● **Instructions for the task**: Your copy of the data below must be exact and must leave out all pictures.

● **Data shown**:
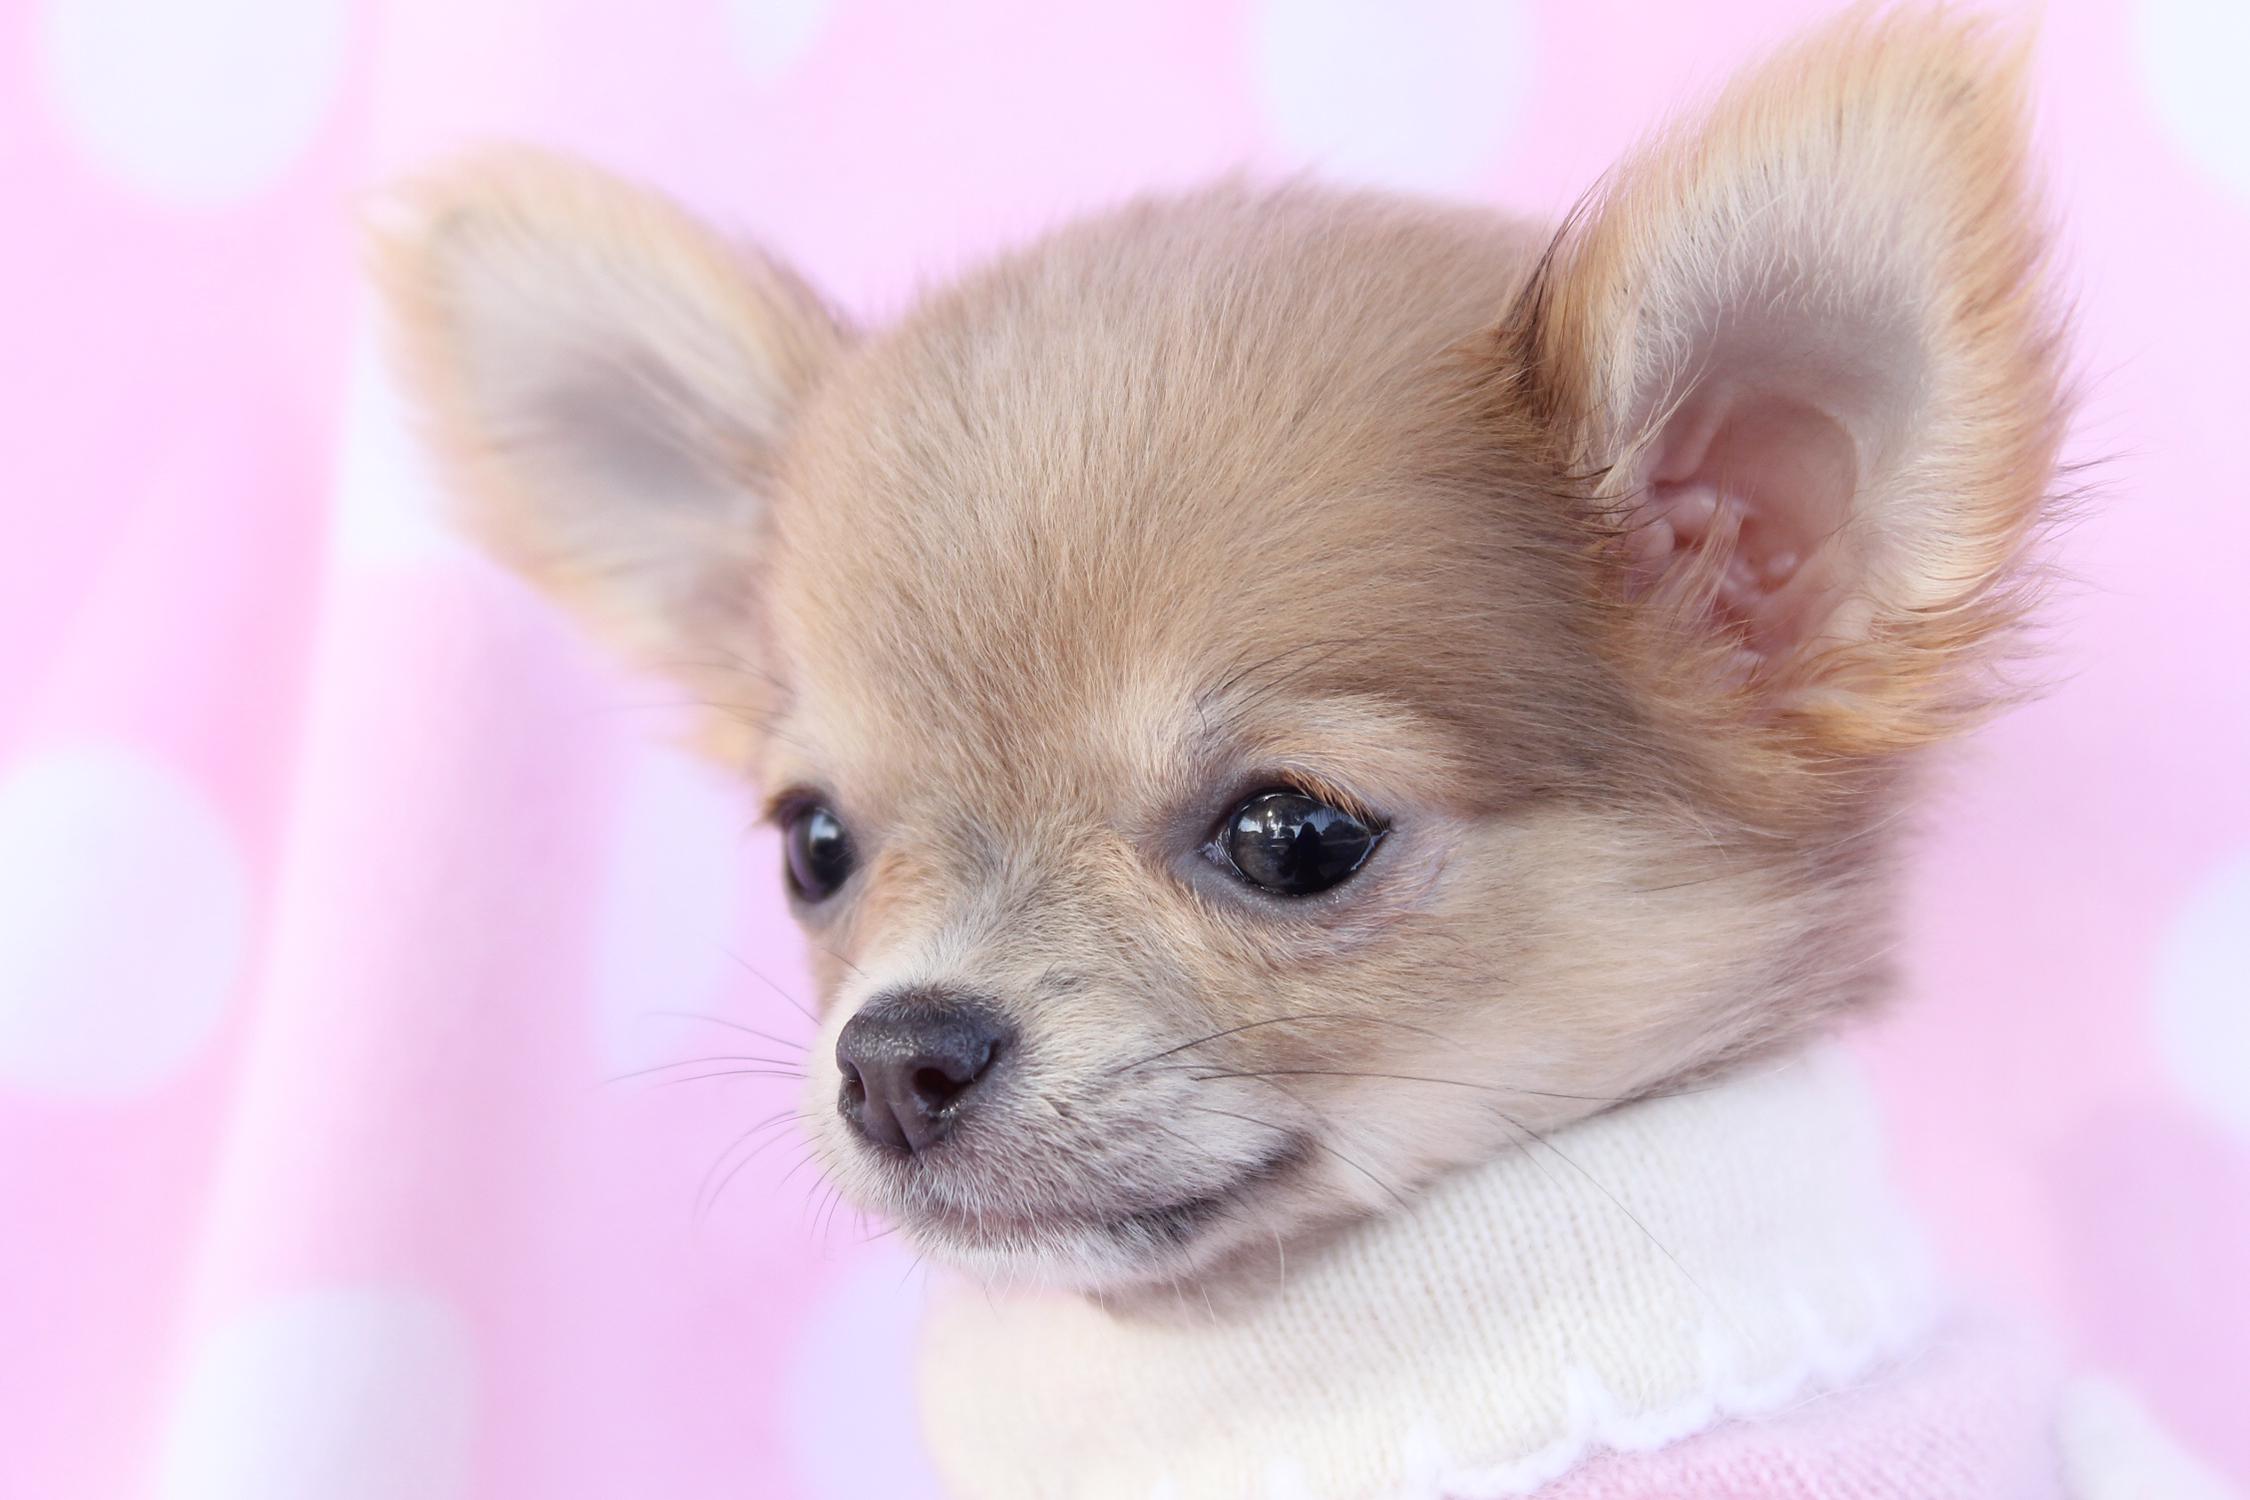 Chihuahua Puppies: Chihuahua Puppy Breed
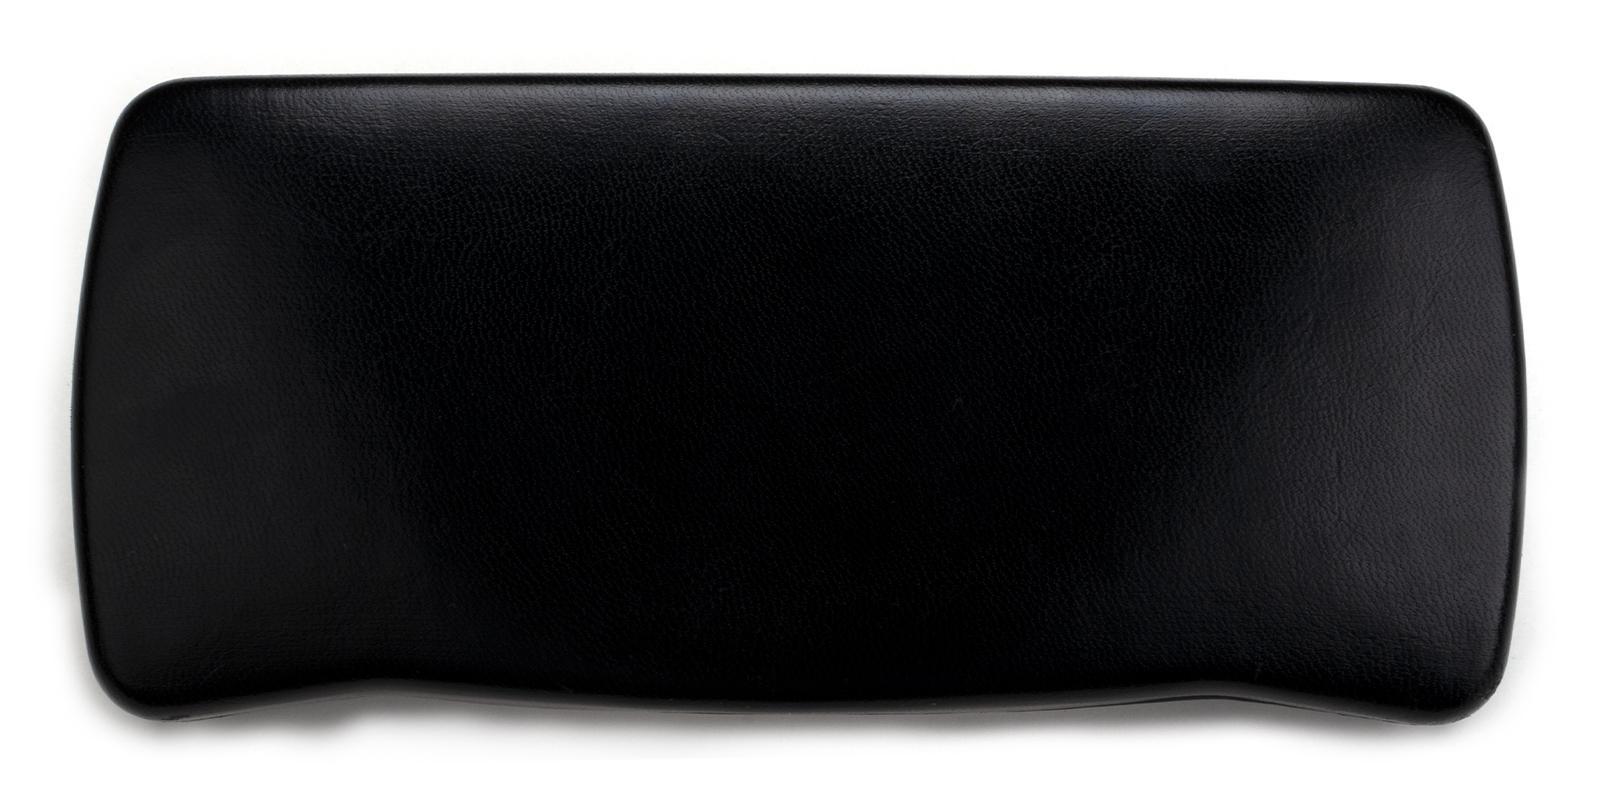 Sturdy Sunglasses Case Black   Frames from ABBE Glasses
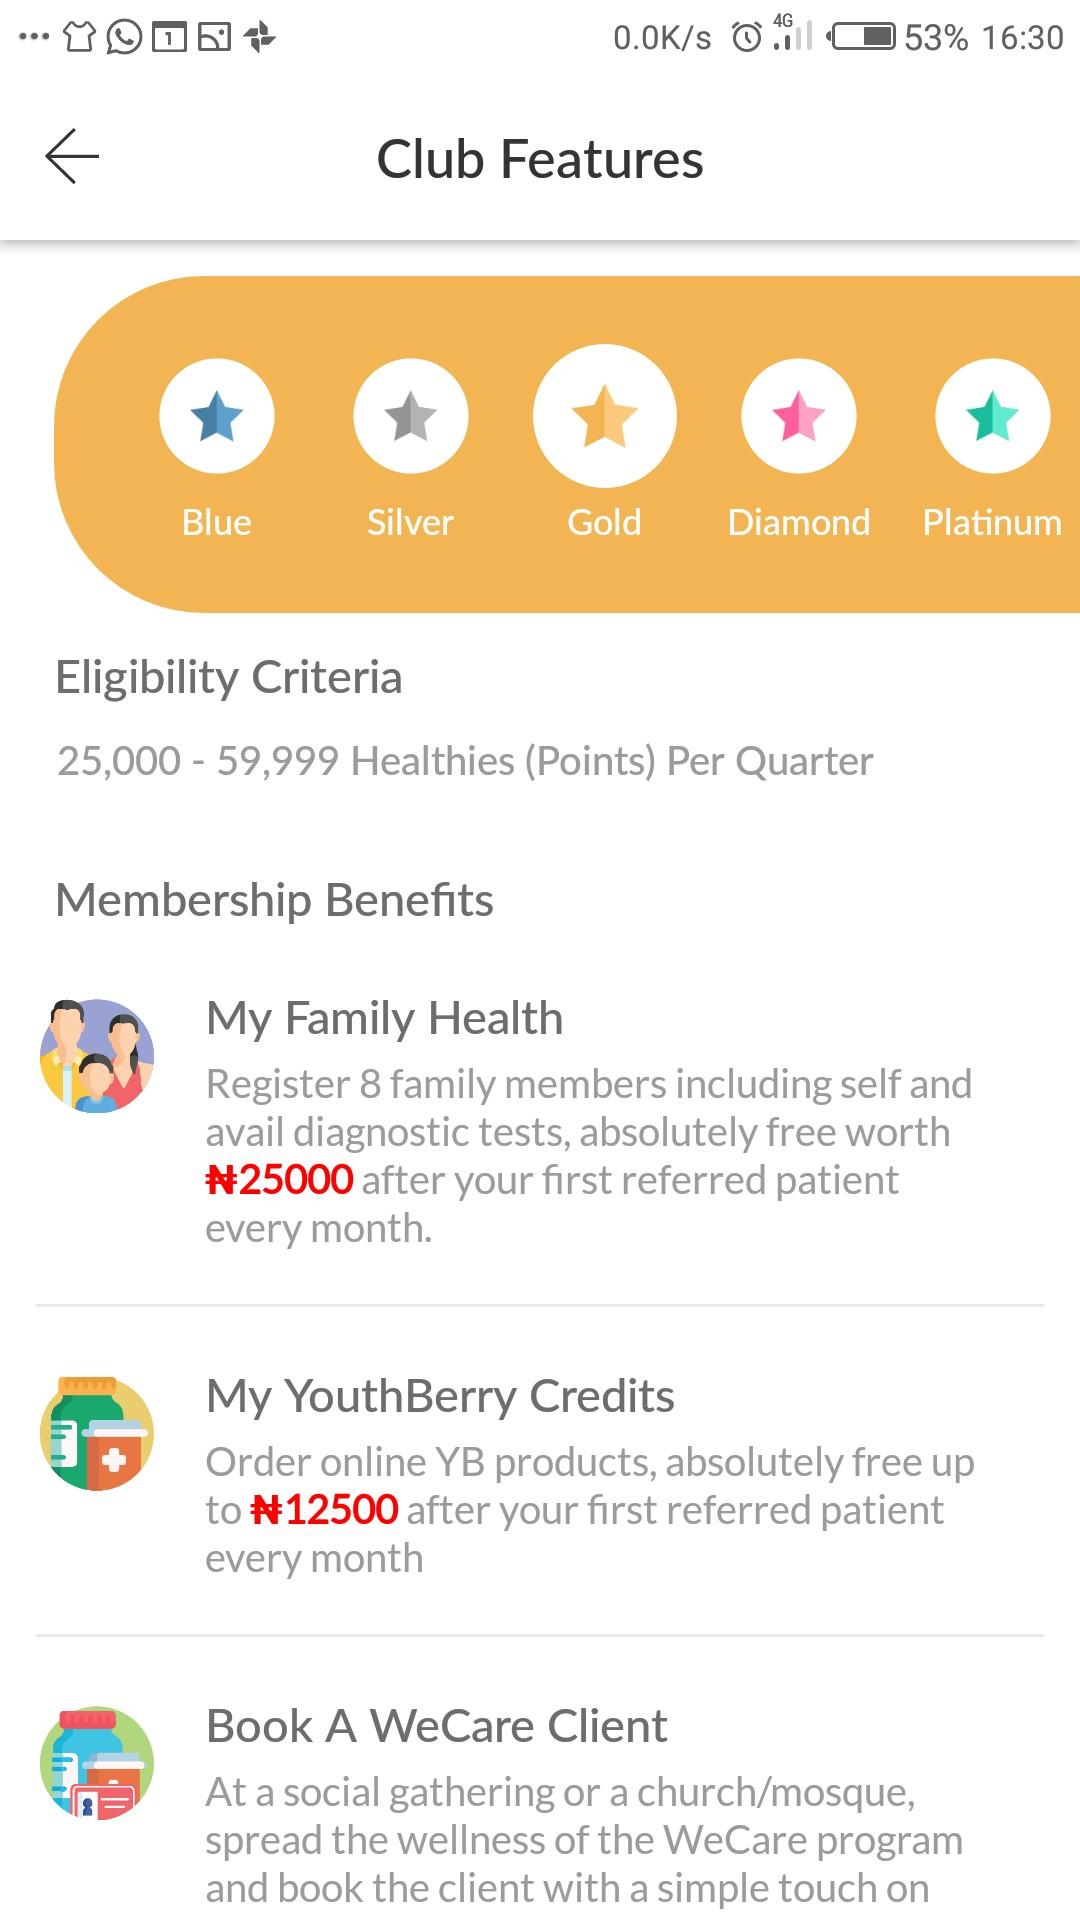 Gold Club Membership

● **Written answer**:
 Chihuahua Puppies: Chihuahua Puppy Breed
 Sturdy Sunglasses Case Black   Frames from ABBE Glasses
 Gold Club Membership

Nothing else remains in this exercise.